AWSTemplateFormatVersion: "2010-09-09"
Parameters:
  DomainName:
    Type: String
    Default: example.net
Resources:
  DNS:
    Type: "AWS::Route53::HostedZone"
    Properties:
      Name: !Ref DomainName
      HostedZoneConfig:
        Comment: !Join
          - " "
          - ["My hosted zone for", !Ref DomainName]

I set up a single required parameter, the domain name we want to create a zone for, and create a single resource of type. The only thing that caused me a bit of trouble here was getting the !Join syntax right for the comment.

With a template in place we need an environment & stack config so we can create a stack. Normally an "environment" is something like "dev", "test", "prod" but I won't bother with that for my blog so I'll use "superloopy" for the environment name for this blog here at superloopy.io. I create a file called config/superloopy/dns-zone.yaml that looks like this:

template_path: templates/dns-zone.yaml
parameters:
    DomainName: superloopy.io

Now we're ready to run Sceptre! Note: I don't worry about breaking my blog at this point because I haven't yet told Gandi to use AWS' name servers. I execute sceptre from the top-level directory like so:

sceptre create-stack superloopy dns-zone

Here's the result of running that command, with timestamps & common prefixes removed:

Creating stack
sb-superloopy-dns-zone AWS::CloudFormation::Stack CREATE_IN_PROGRESS User Initiated
DNS AWS::Route53::HostedZone CREATE_IN_PROGRESS
DNS AWS::Route53::HostedZone CREATE_IN_PROGRESS Resource creation Initiated
DNS AWS::Route53::HostedZone CREATE_COMPLETE
sb-superloopy-dns-zone AWS::CloudFormation::Stack CREATE_COMPLETE

Success! Next I thought I'd tackle my MX setup.

Setting up Route 53 MX records with CloudFormation

I use Gandi's MXs and see no need to end that now. There's a primary and a secondary, with different priorities and domain names. After a bit of experimentation I ended up with templates/mx.yaml looking like this:

AWSTemplateFormatVersion: "2010-09-09"
Parameters:
  DomainName:
    Type: String
    Default: example.net
  PrimaryMx:
    Type: String
    Default: spool.mail.gandi.net
  SecondaryMx:
    Type: String
    Default: fb.mail.gandi.net
  TTL:
    Type: Number
    Default: 600
Resources:
  MxRecordSet:
    Type: AWS::Route53::RecordSet
    Properties:
      Name: !Ref DomainName
      HostedZoneName: !Join
        - ""
        - [!Ref DomainName, "."]
      Type: MX
      TTL: !Ref TTL
      ResourceRecords:
        - !Join
          - ""
          - [10, " ", !Ref PrimaryMx, "."]
        - !Join
          - ""
          - [50, " ", !Ref SecondaryMx, "."]

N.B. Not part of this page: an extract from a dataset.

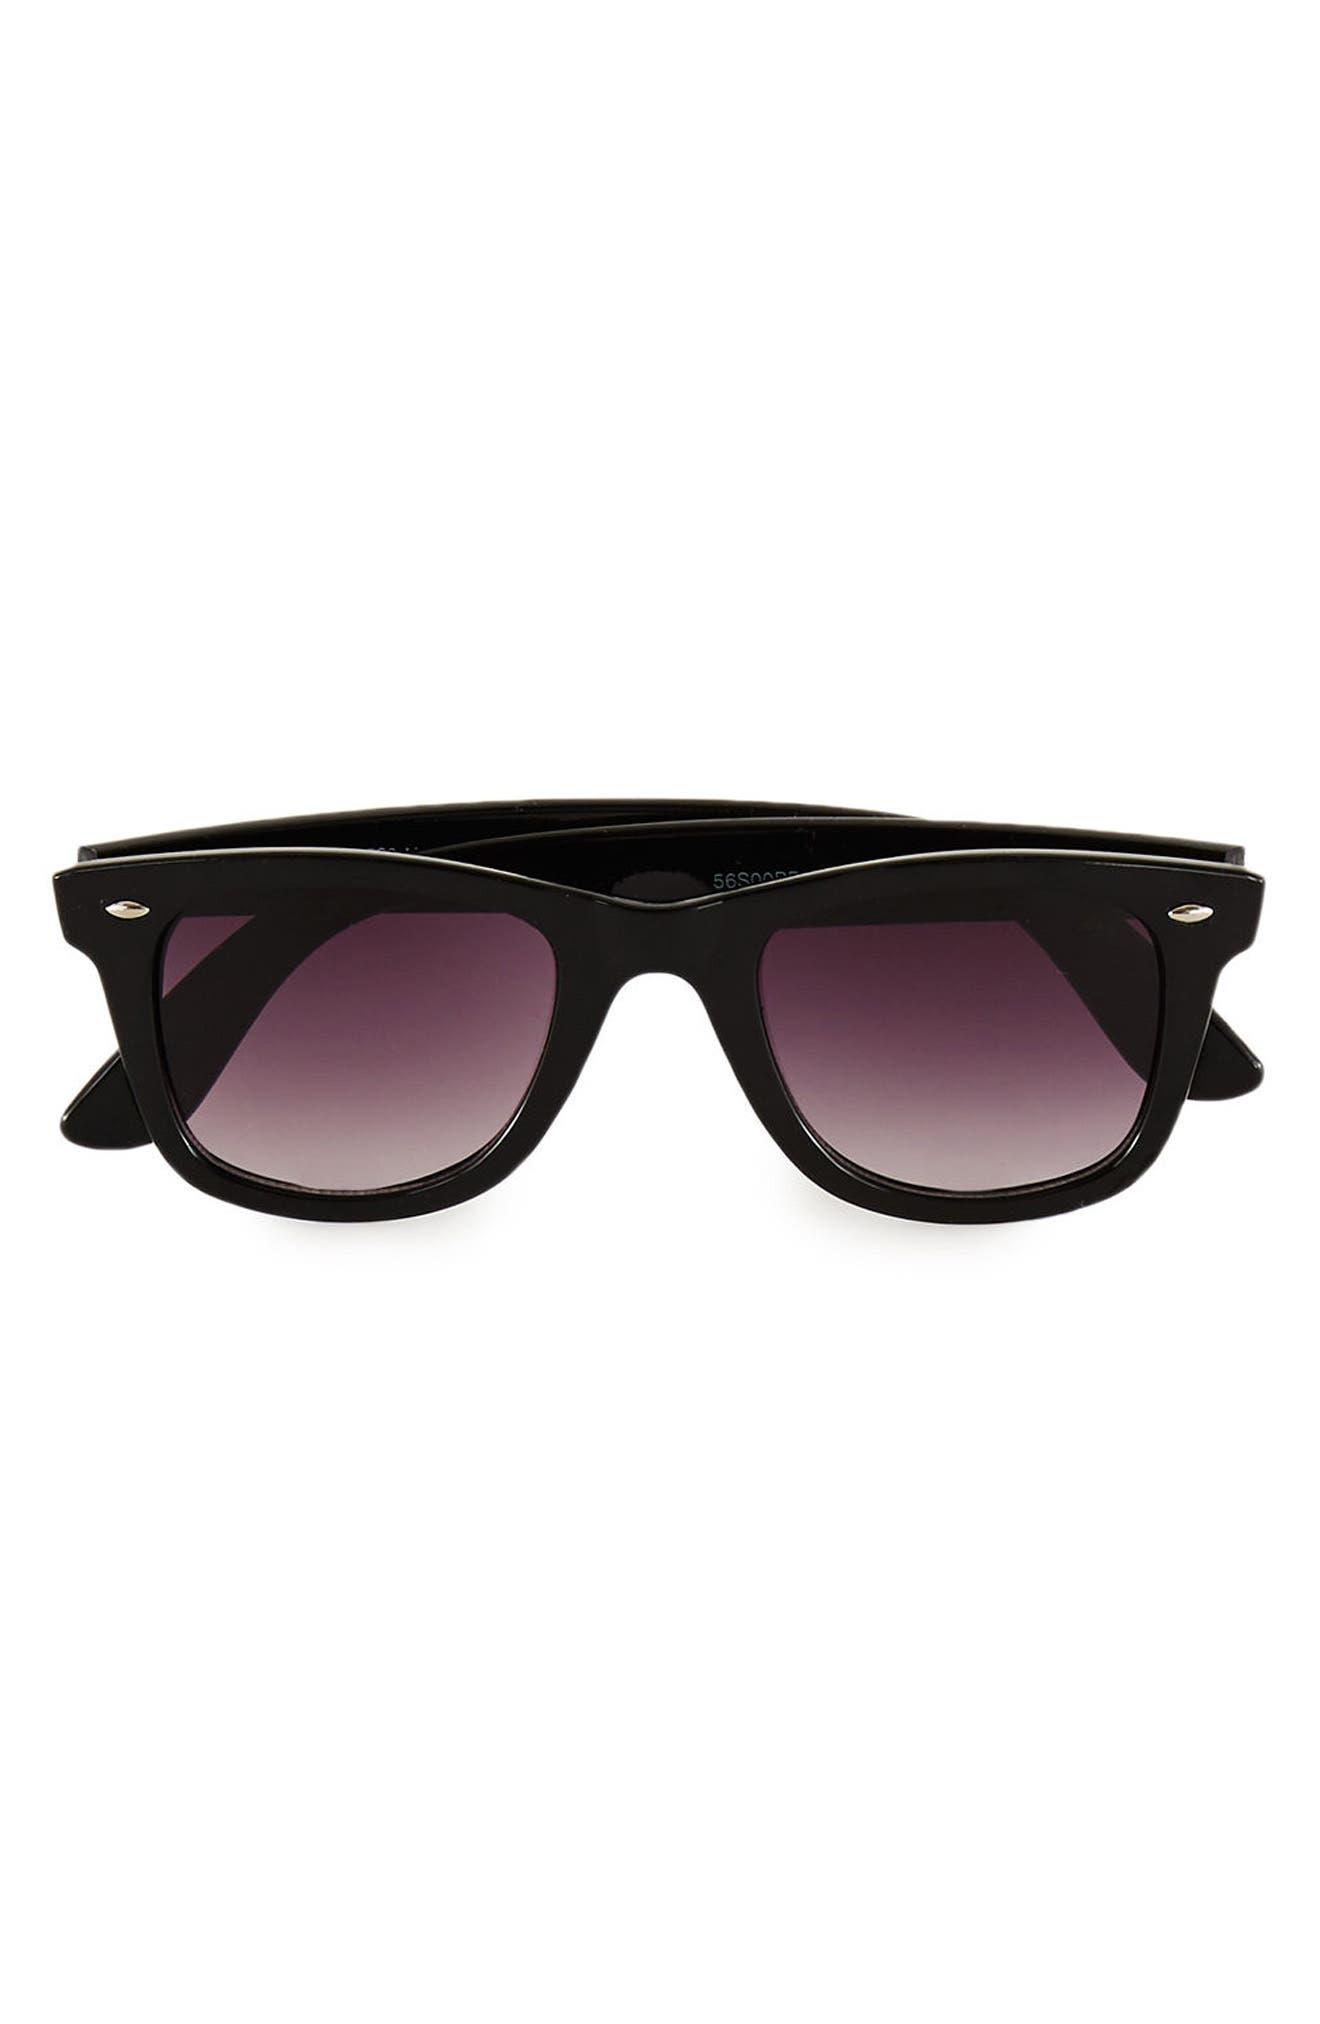 48mm Round Sunglasses,                         Main,                         color, Black

I'm not terribly happy with the hardcoded priorities for the MX servers, nor with the limitation that the template only supports two MXs. (Nor, indeed, that it requires two MXs.) But—it will suffice for now.

When it comes to the stack config the default MXs are fine for my domain, so all we need to set in the stack config is the DomainName:

template_path: templates/mx.yaml
parameters:
  DomainName: superloopy.io

Standing up that stack looks like this (minus the timestamps etc):

superloopy/mx - Creating stack
sb-superloopy-mx AWS::CloudFormation::Stack CREATE_IN_PROGRESS User Initiated
MxRecordSet AWS::Route53::RecordSet CREATE_IN_PROGRESS
MxRecordSet AWS::Route53::RecordSet CREATE_IN_PROGRESS Resource creation Initiated
MxRecordSet AWS::Route53::RecordSet CREATE_COMPLETE
sb-superloopy-mx AWS::CloudFormation::Stack CREATE_COMPLETE

If I ask one of the AWS nameservers listed in my zone, I can see that the MX record looks alright. I have to add the address of the NS to query part to explicitly ask one of the AWS nameserves as I have not yet delegated the zone to AWS.

dig @ns-1681.awsdns-18.co.uk -t mx superloopy.io +short
10 spool.mail.gandi.net.
50 fb.mail.gandi.net.

Great!

Combining the zone and mx stacks

At this point I started having second thoughts about my approach. I originally had in mind setting up just the zone in one stack, and creating the mx entries as another stack, and the Apex forwarding with its own DNS Setup in a separate stack, and finally the www bucket with the content with its own DNS setup in yet another stack.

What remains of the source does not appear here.